START Task inputs

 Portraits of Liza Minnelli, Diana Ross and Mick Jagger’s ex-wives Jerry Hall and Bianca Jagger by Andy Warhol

END Task inputs
START Task inputs

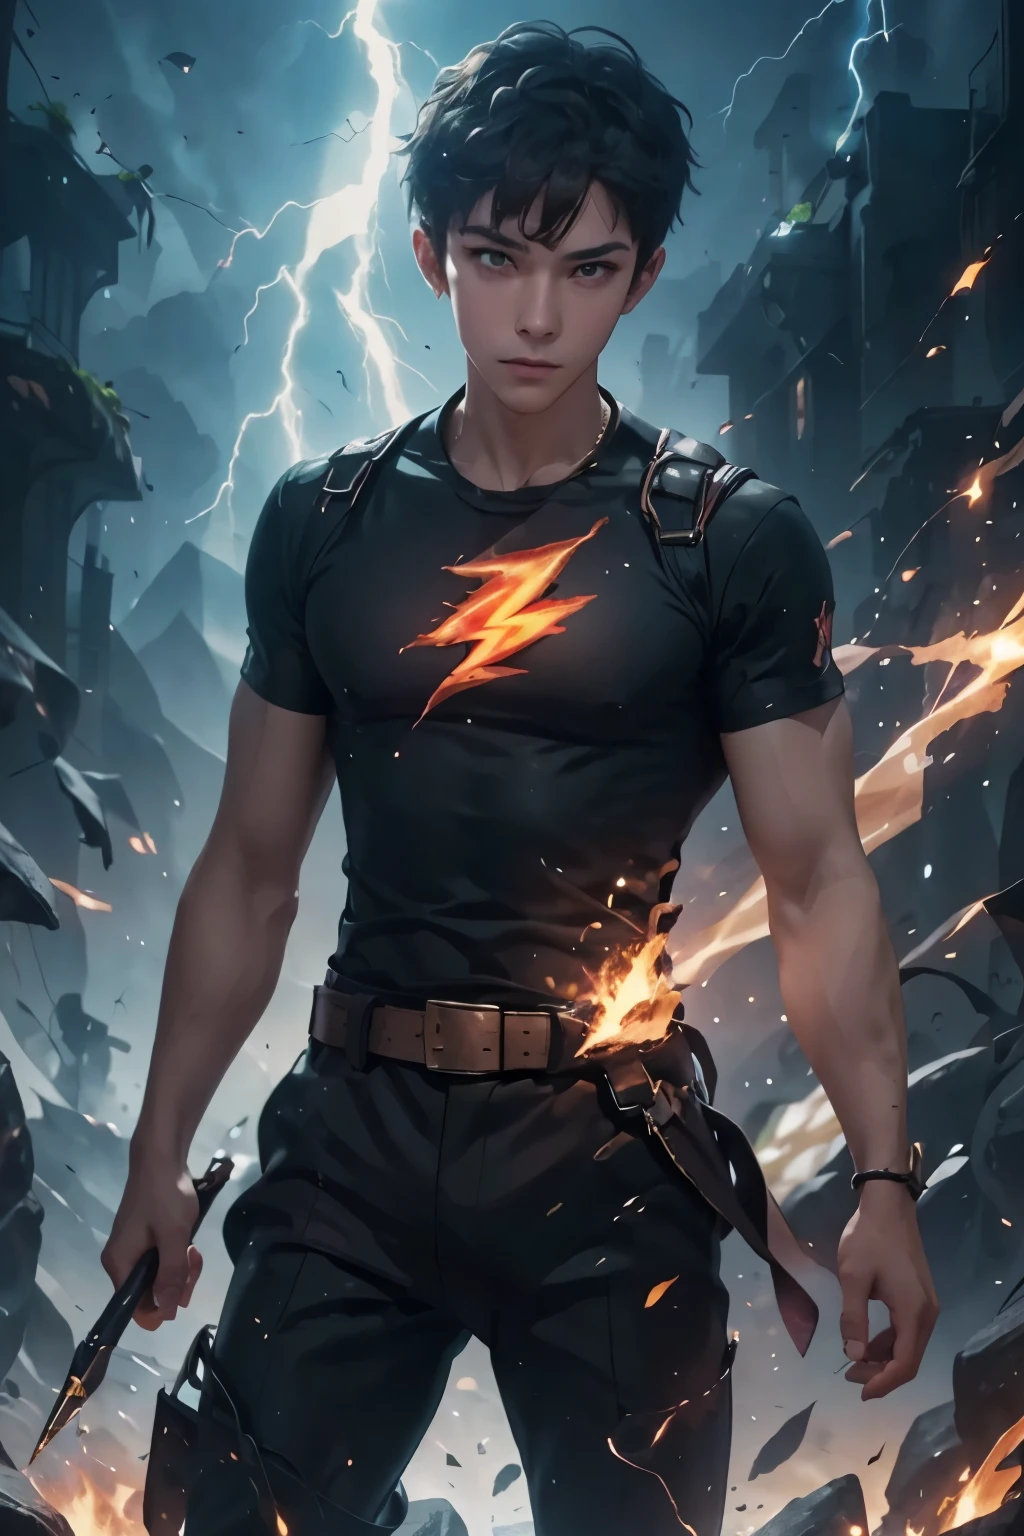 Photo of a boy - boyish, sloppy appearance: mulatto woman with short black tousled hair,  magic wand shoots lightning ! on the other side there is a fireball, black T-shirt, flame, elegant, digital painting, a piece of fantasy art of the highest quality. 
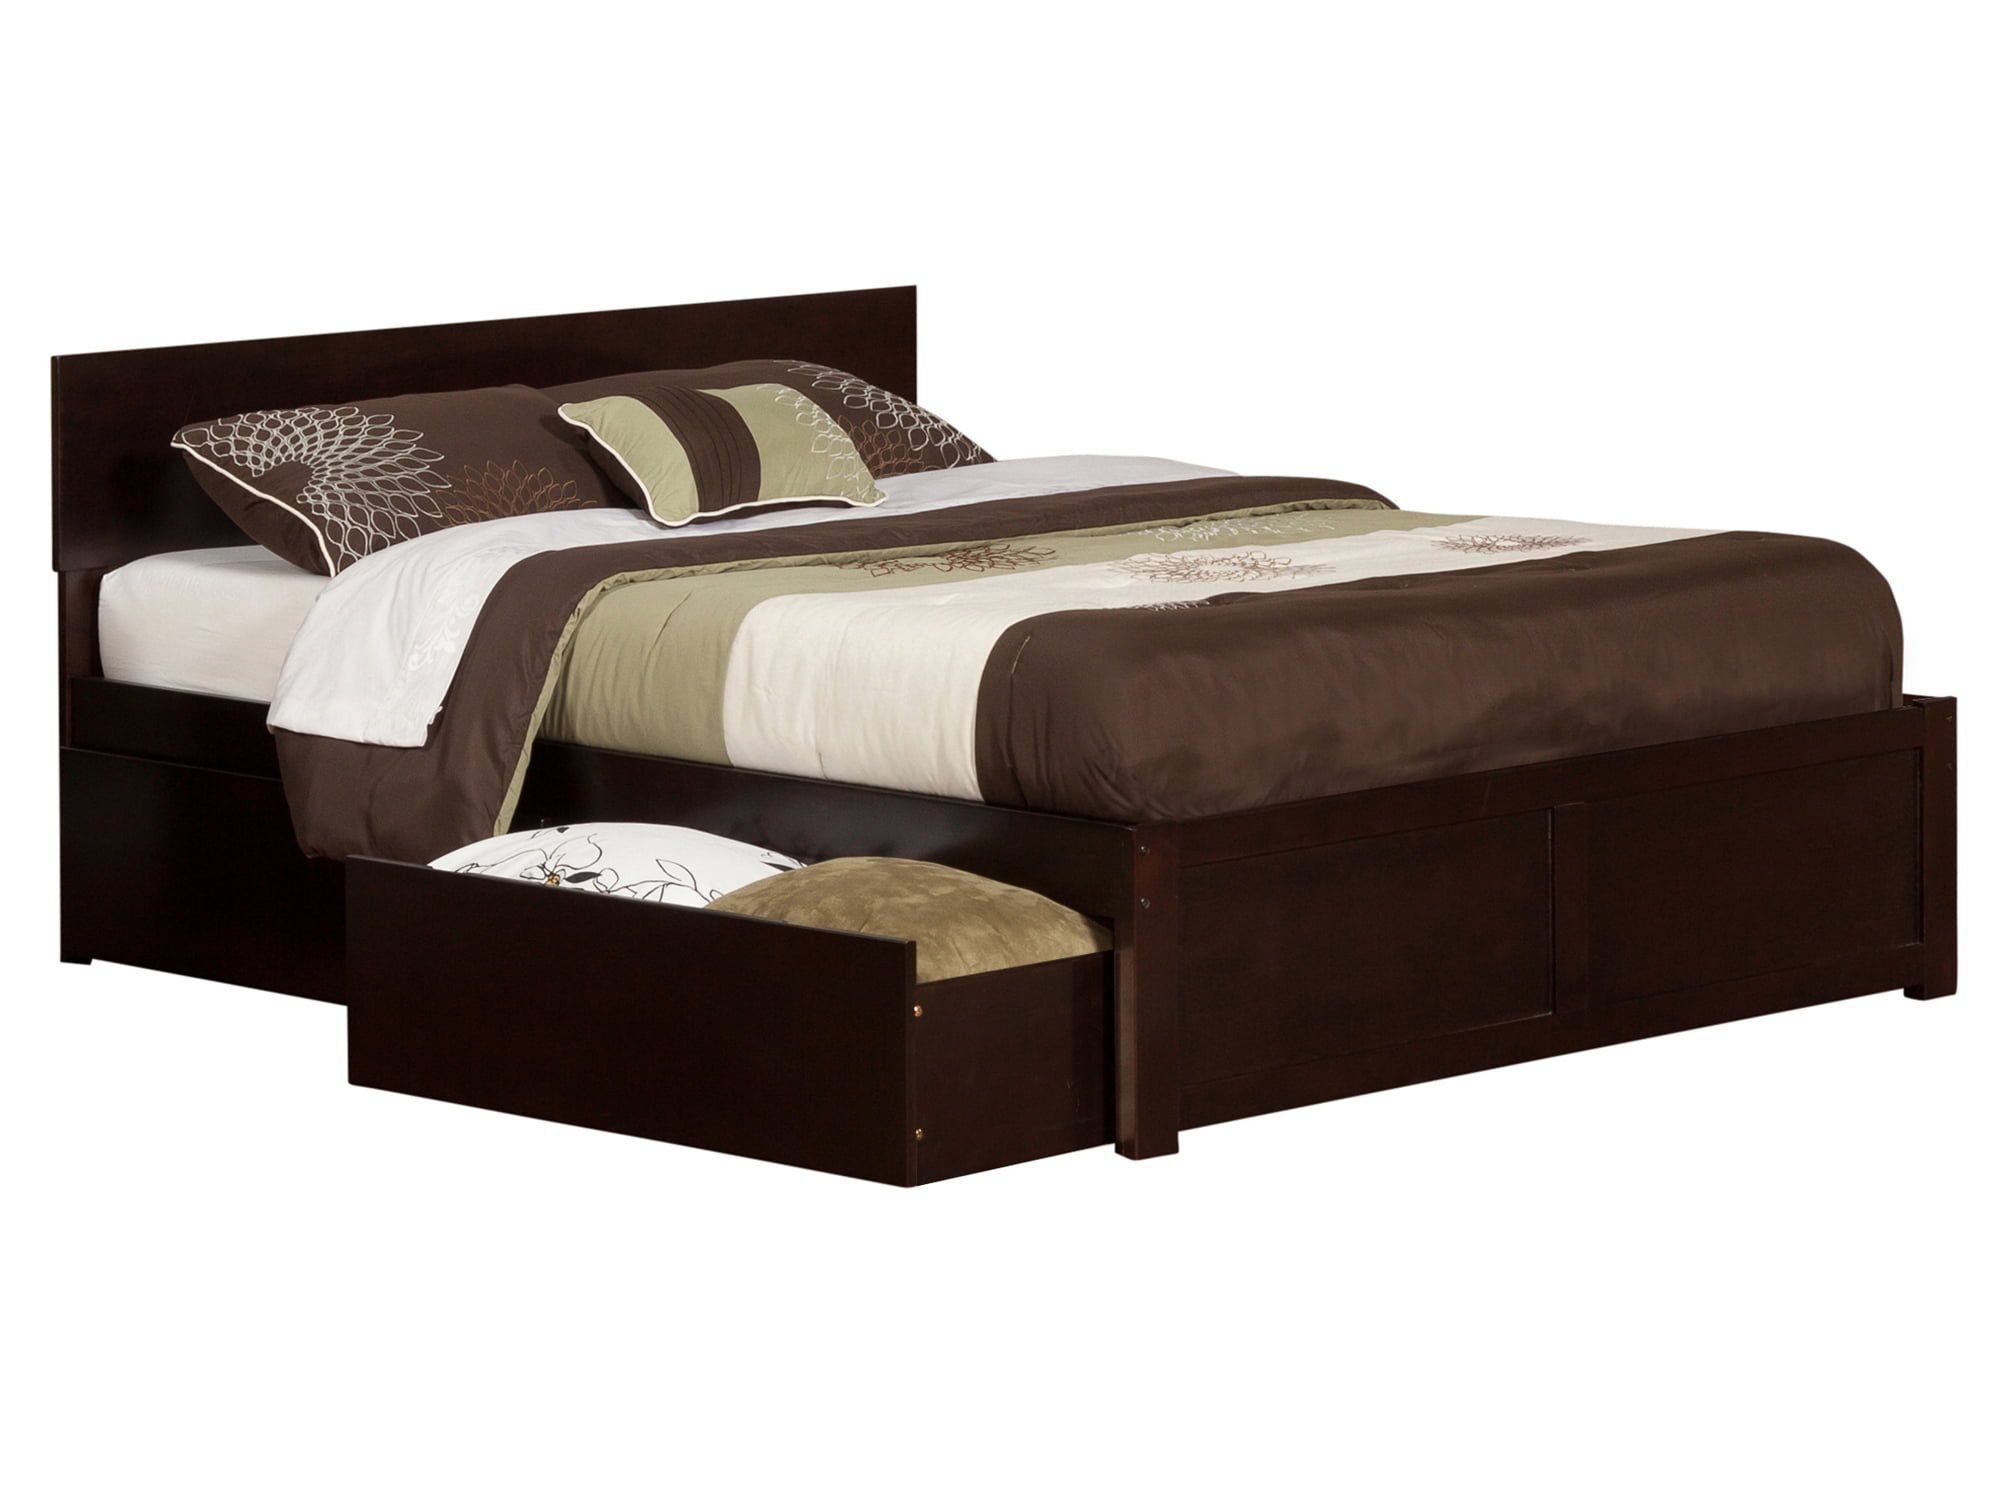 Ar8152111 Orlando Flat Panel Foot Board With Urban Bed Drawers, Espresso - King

END Task inputs
START Task inputs

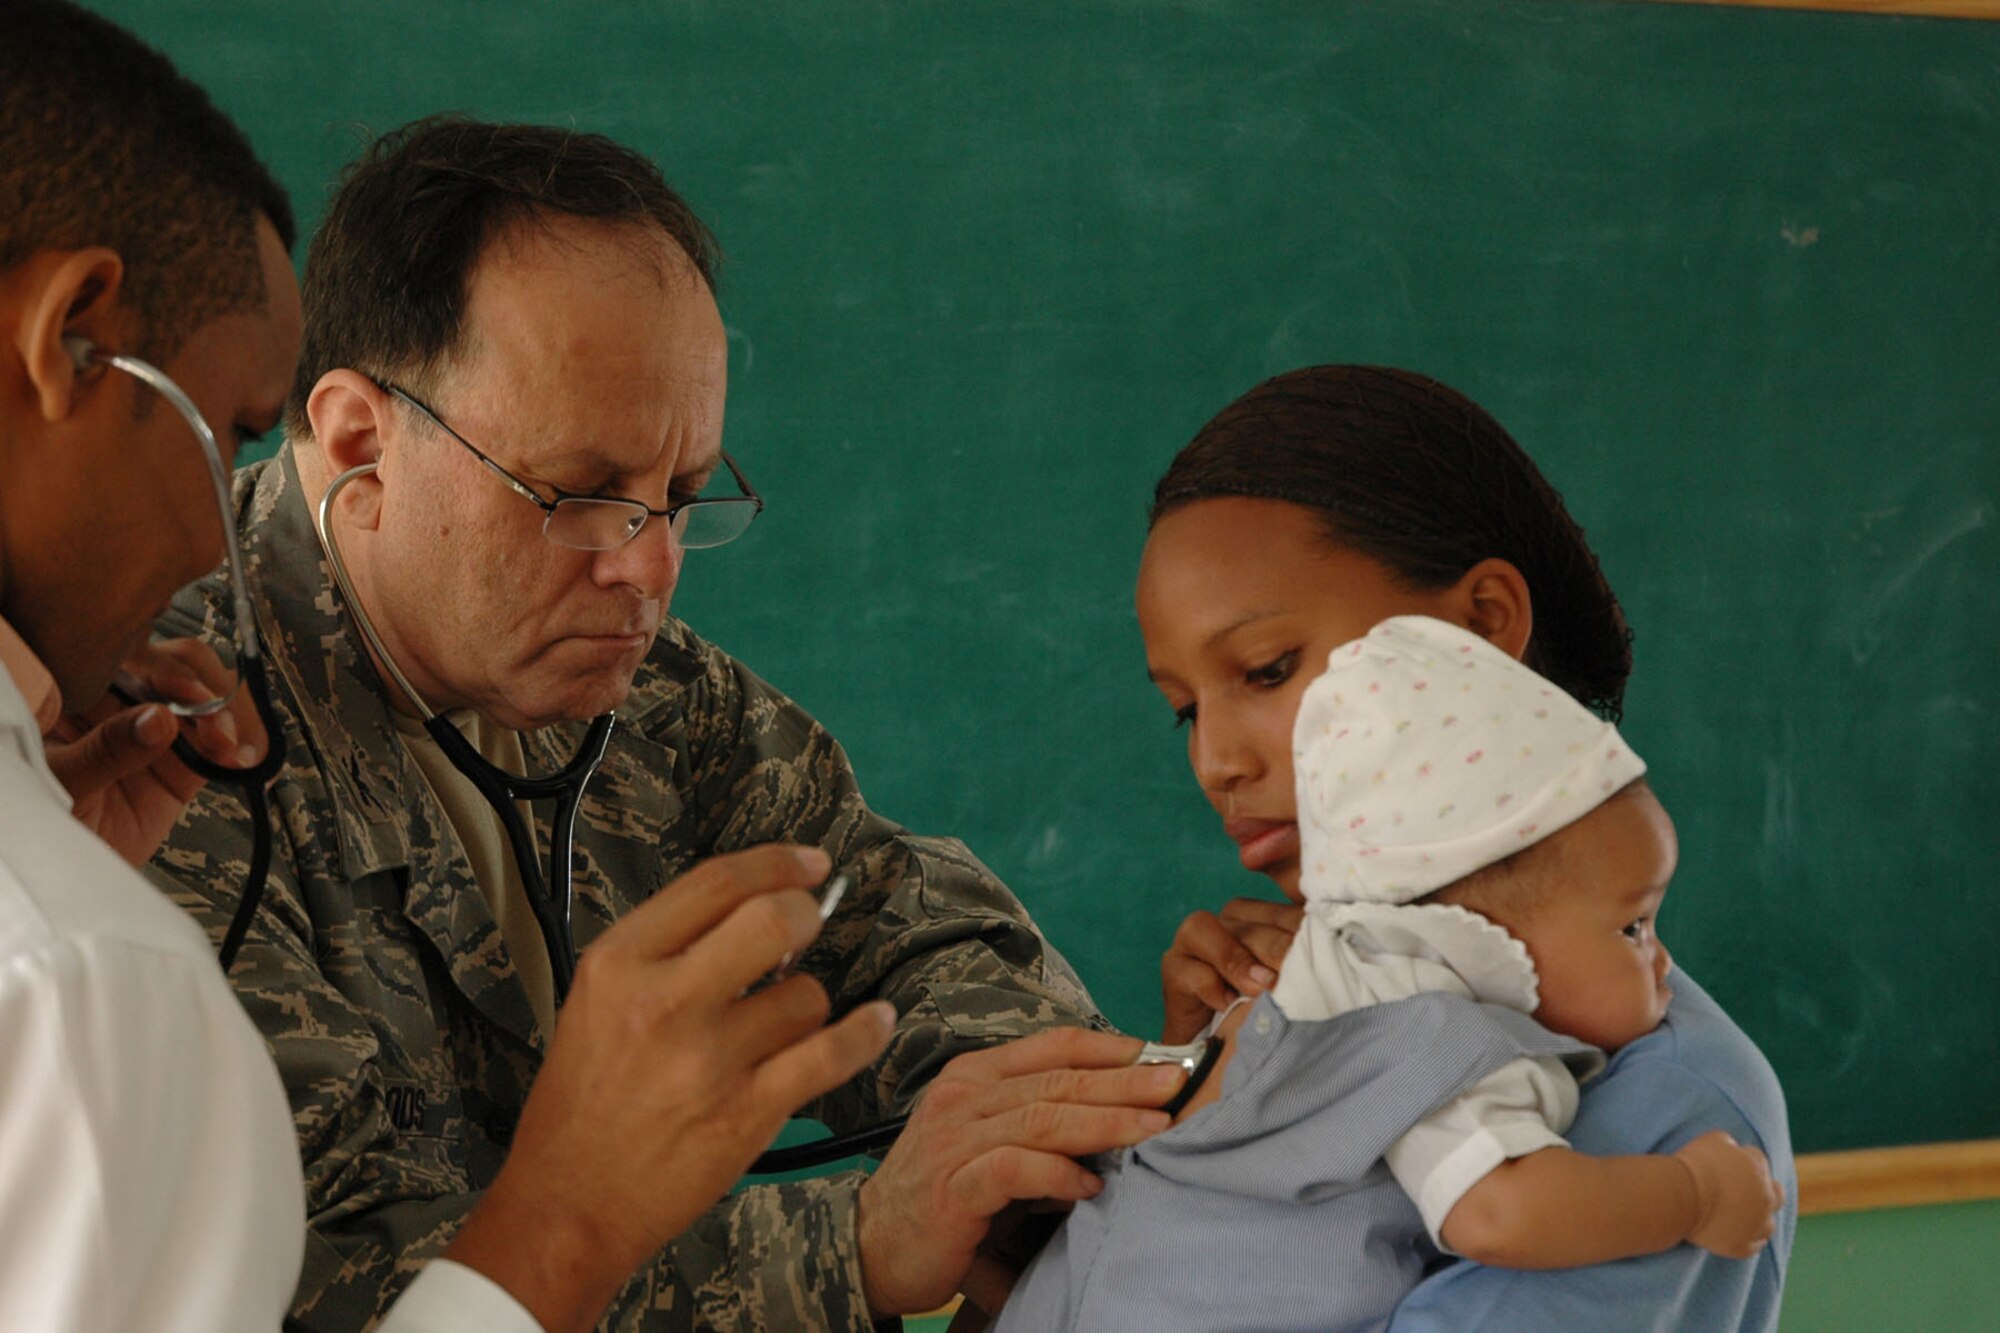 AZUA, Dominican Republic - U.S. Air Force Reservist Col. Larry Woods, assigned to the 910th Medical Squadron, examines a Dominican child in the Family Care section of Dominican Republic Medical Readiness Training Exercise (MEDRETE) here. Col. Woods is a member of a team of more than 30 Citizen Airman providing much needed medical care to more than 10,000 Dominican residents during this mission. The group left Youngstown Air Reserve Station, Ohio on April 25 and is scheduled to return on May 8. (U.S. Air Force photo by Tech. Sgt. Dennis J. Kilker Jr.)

END Task inputs

» **Work request**
Skip every picture, and restate word for word only the lines above from the line containing "Photo of a boy" to the line containing "Ar8152111 Orlando Flat", both of them included.

» **Finished exercise**
 Photo of a boy - boyish, sloppy appearance: mulatto woman with short black tousled hair,  magic wand shoots lightning ! on the other side there is a fireball, black T-shirt, flame, elegant, digital painting, a piece of fantasy art of the highest quality. 
 Ar8152111 Orlando Flat Panel Foot Board With Urban Bed Drawers, Espresso - King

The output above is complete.